:: SUPPLIED DATA ::
'''
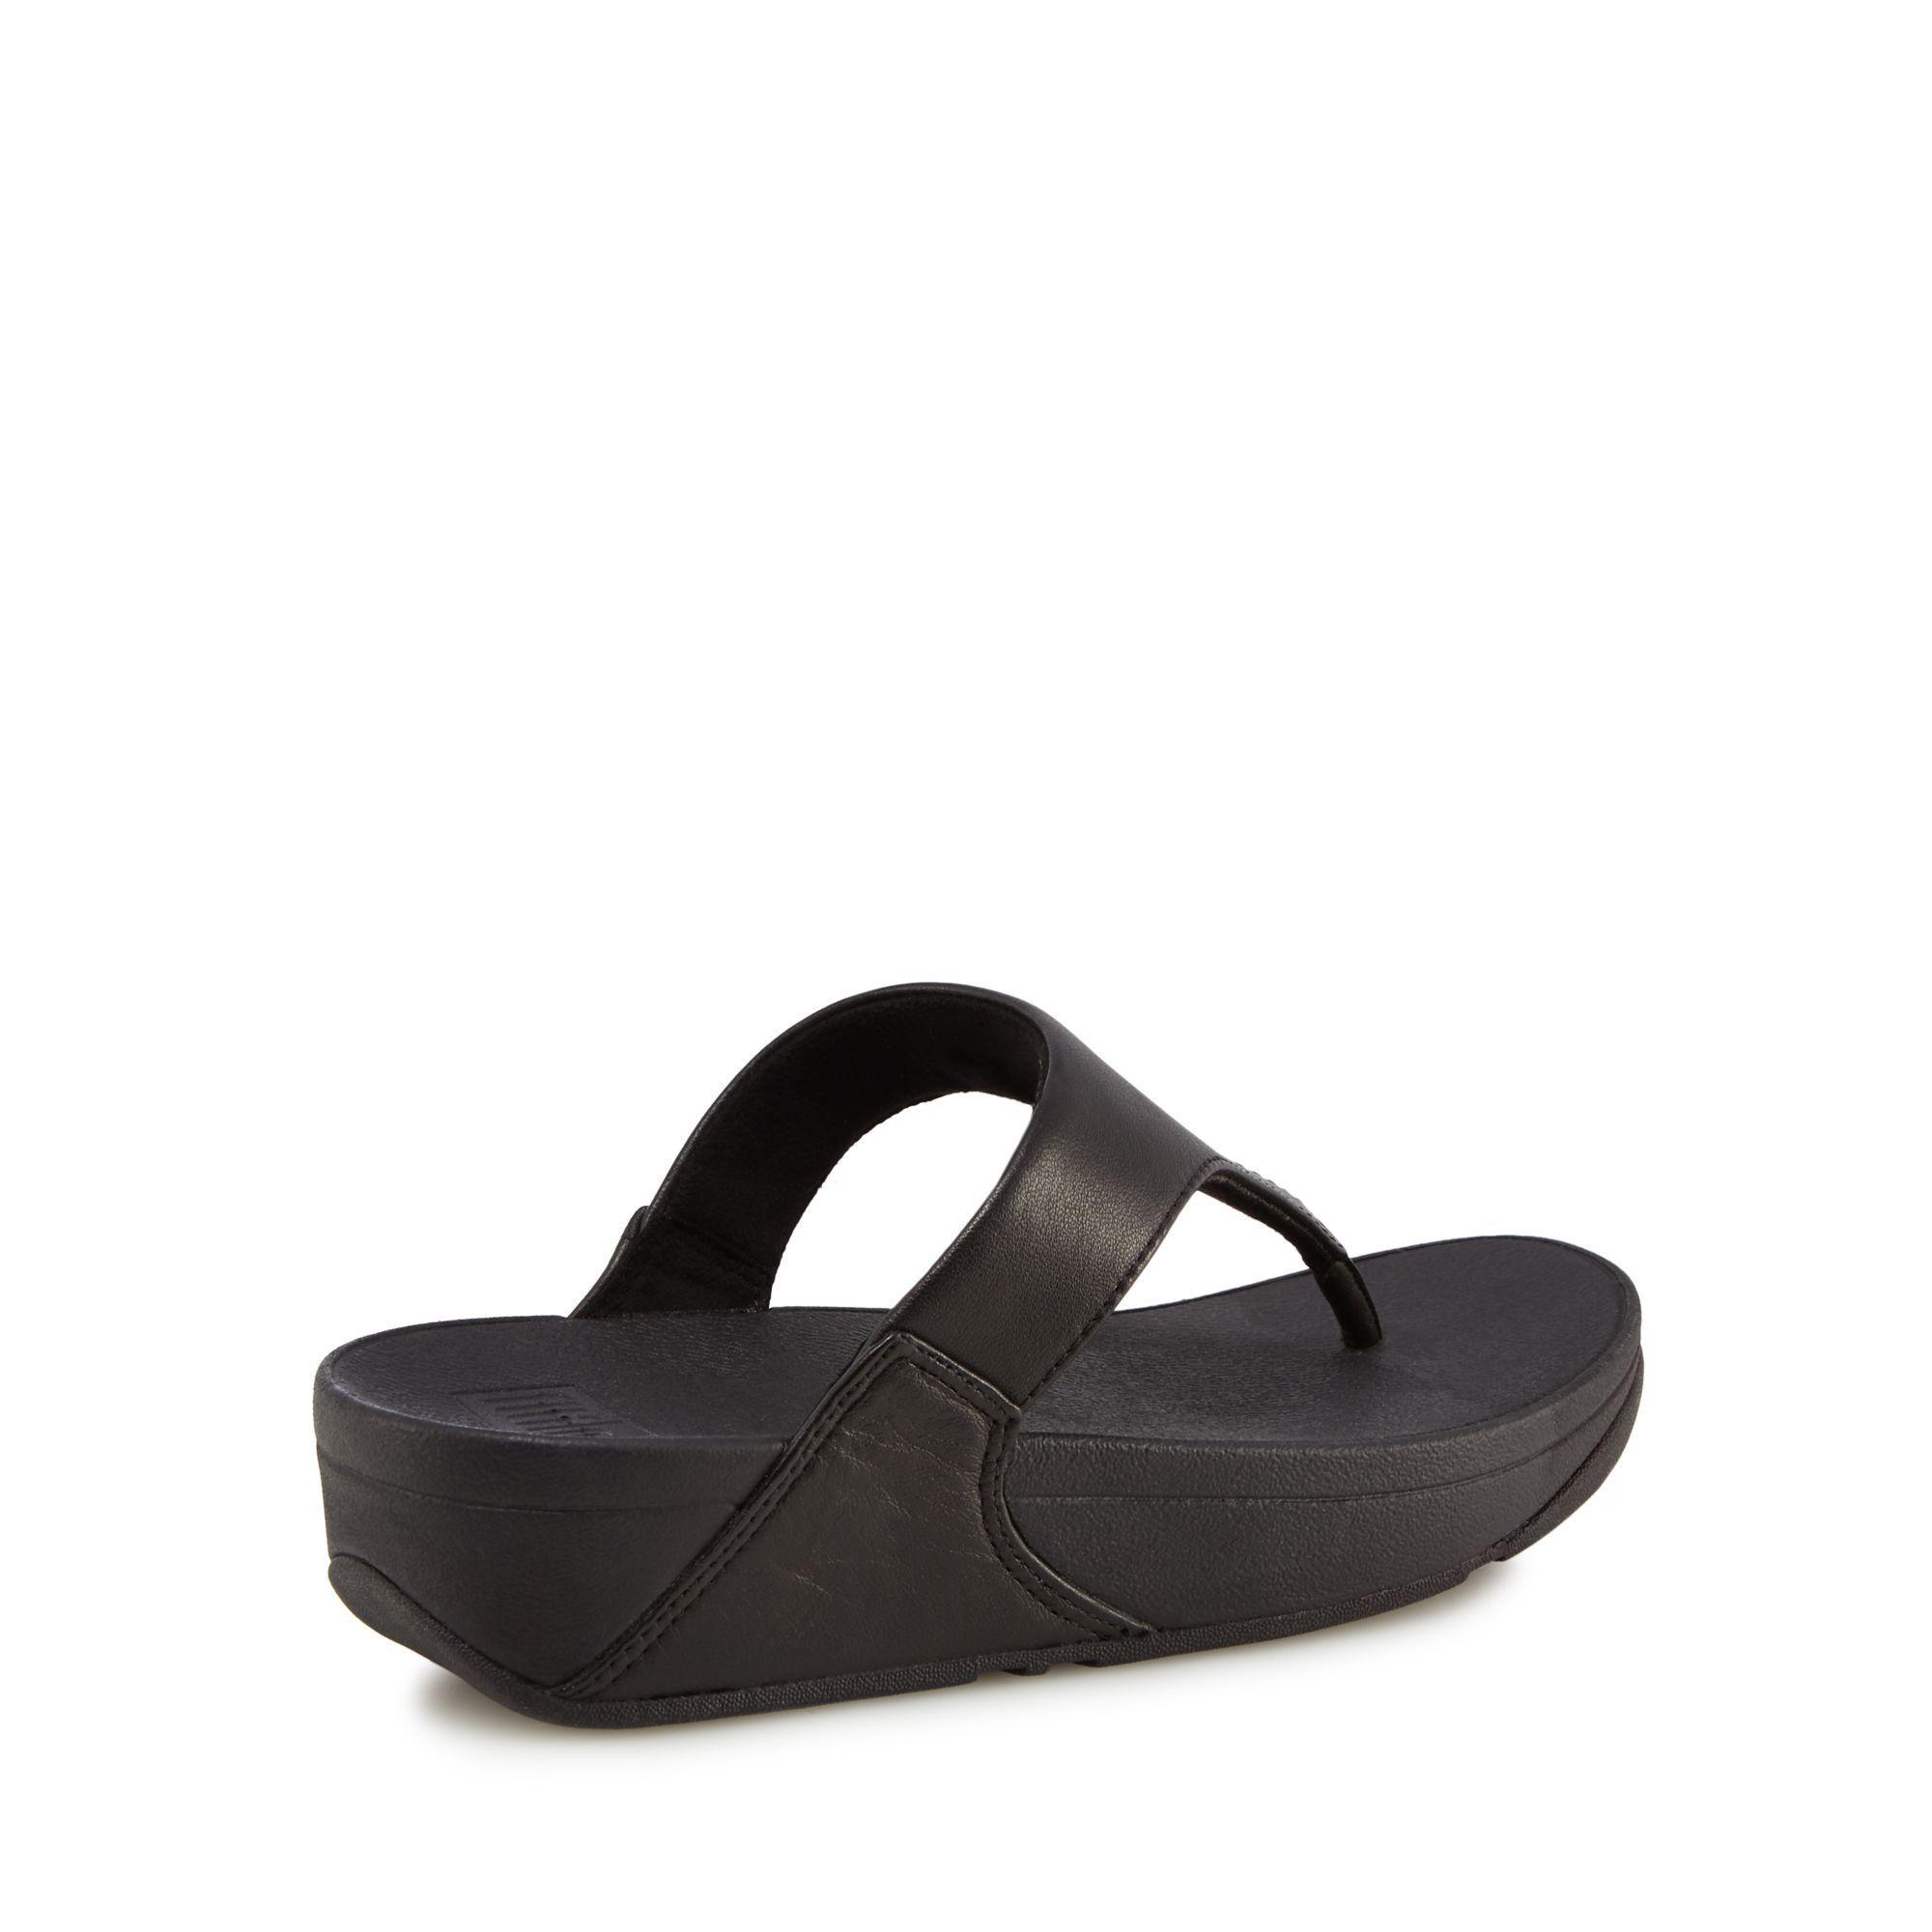 21940d00241 Fitflop Black Leather  lulu  Mid Flatform Heel Flip Flops in Black ...
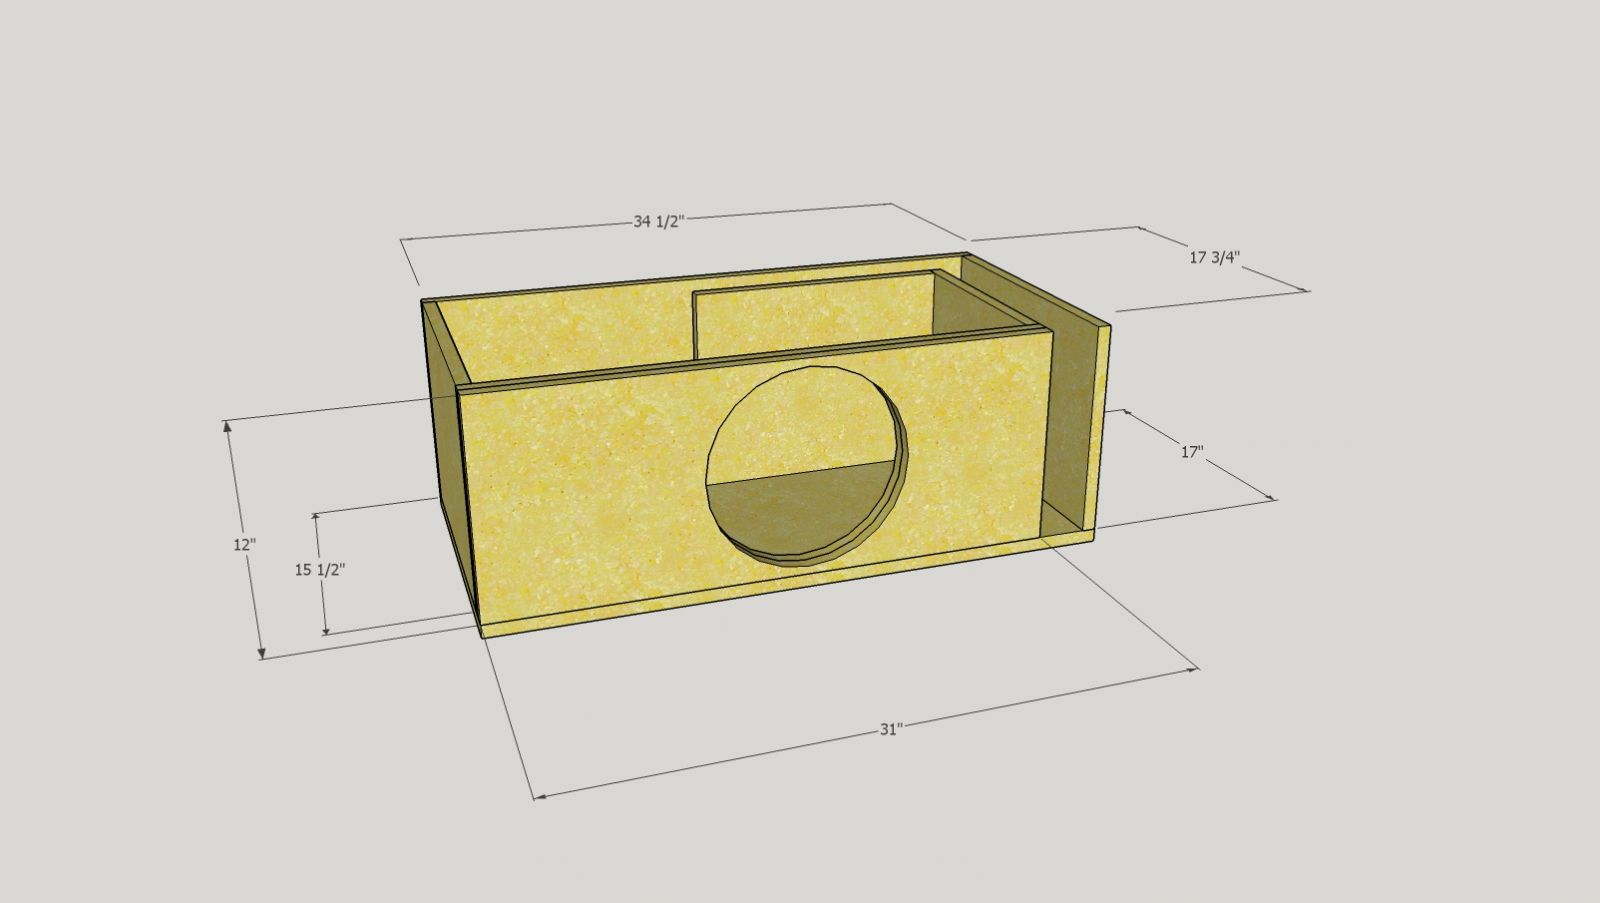 Box v1.0
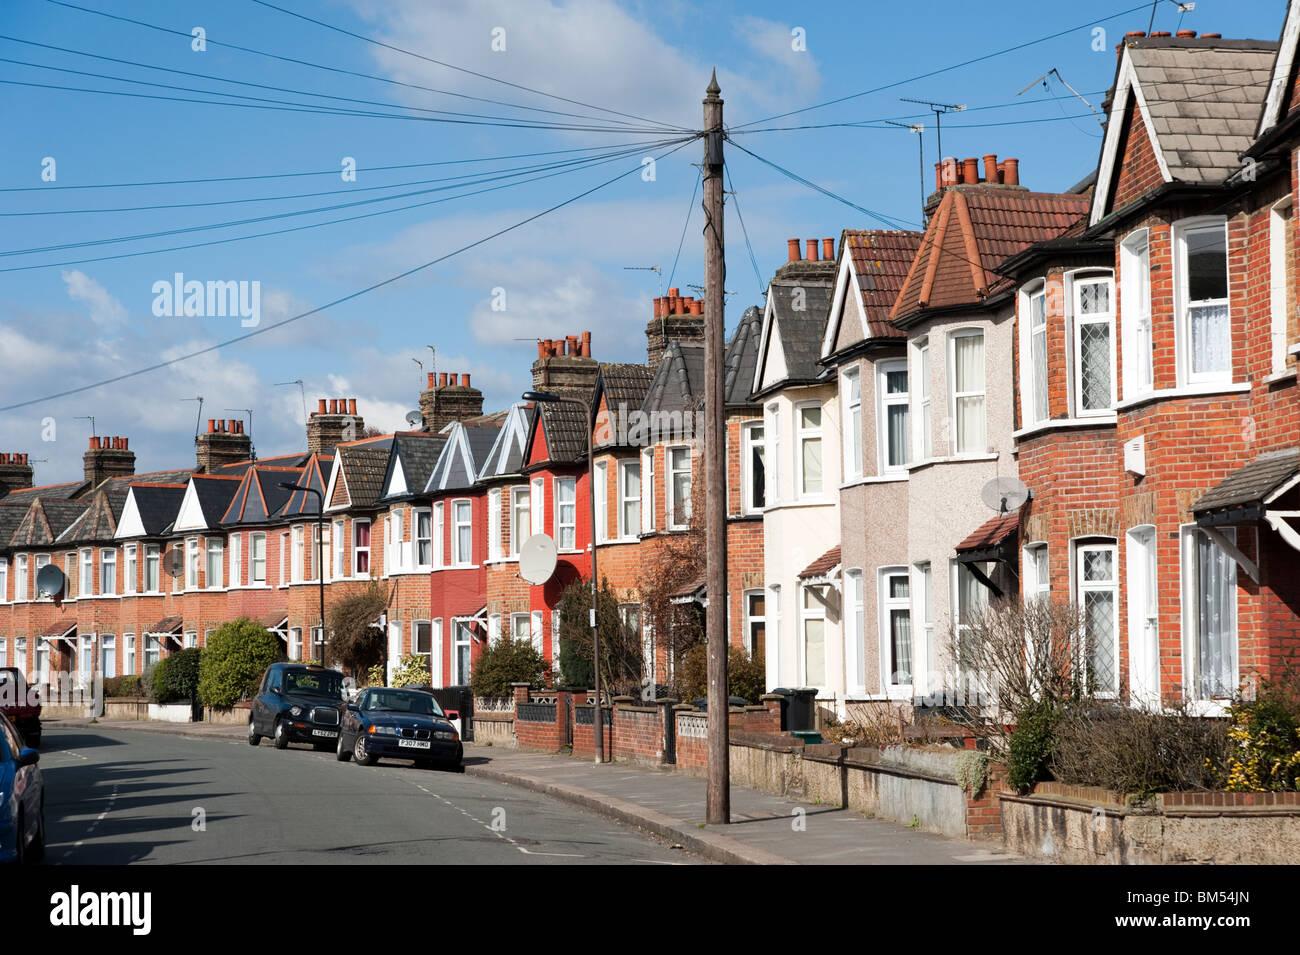 Reihe von Reihenhäusern in Wohn Street, London, England, UK Stockbild
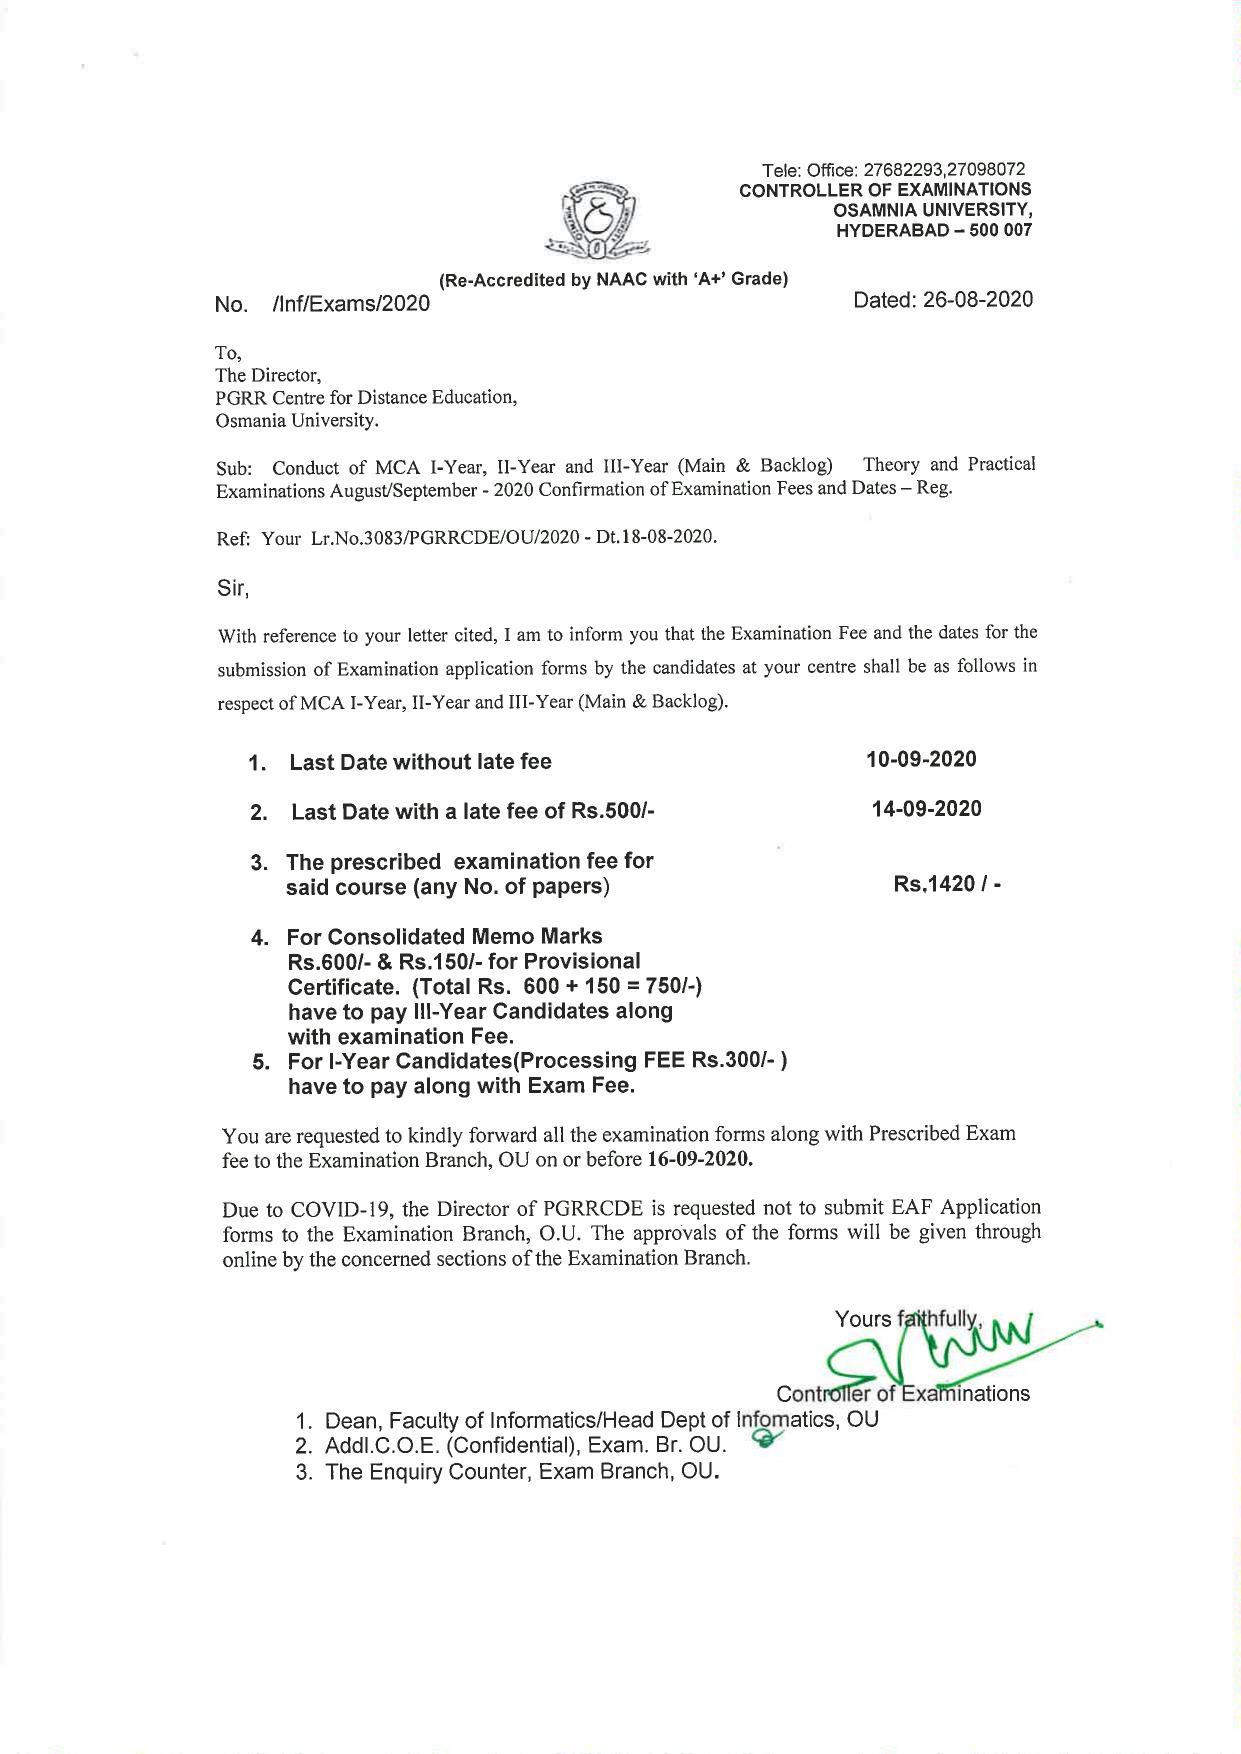 Osmania University MCA (CDE) 1st,2nd & 3rd Year (Regular & Backlog) Sep 2020 Exam Fee Notification
'''
:: WHAT YOU WILL DO ::
Please return the listing above exactly and leave every picture out.

:: EXERCISE OUTPUT ::
 21940d00241 Fitflop Black Leather  lulu  Mid Flatform Heel Flip Flops in Black ...
 Box v1.0
 Reihe von Reihenhäusern in Wohn Street, London, England, UK Stockbild
 Osmania University MCA (CDE) 1st,2nd & 3rd Year (Regular & Backlog) Sep 2020 Exam Fee Notification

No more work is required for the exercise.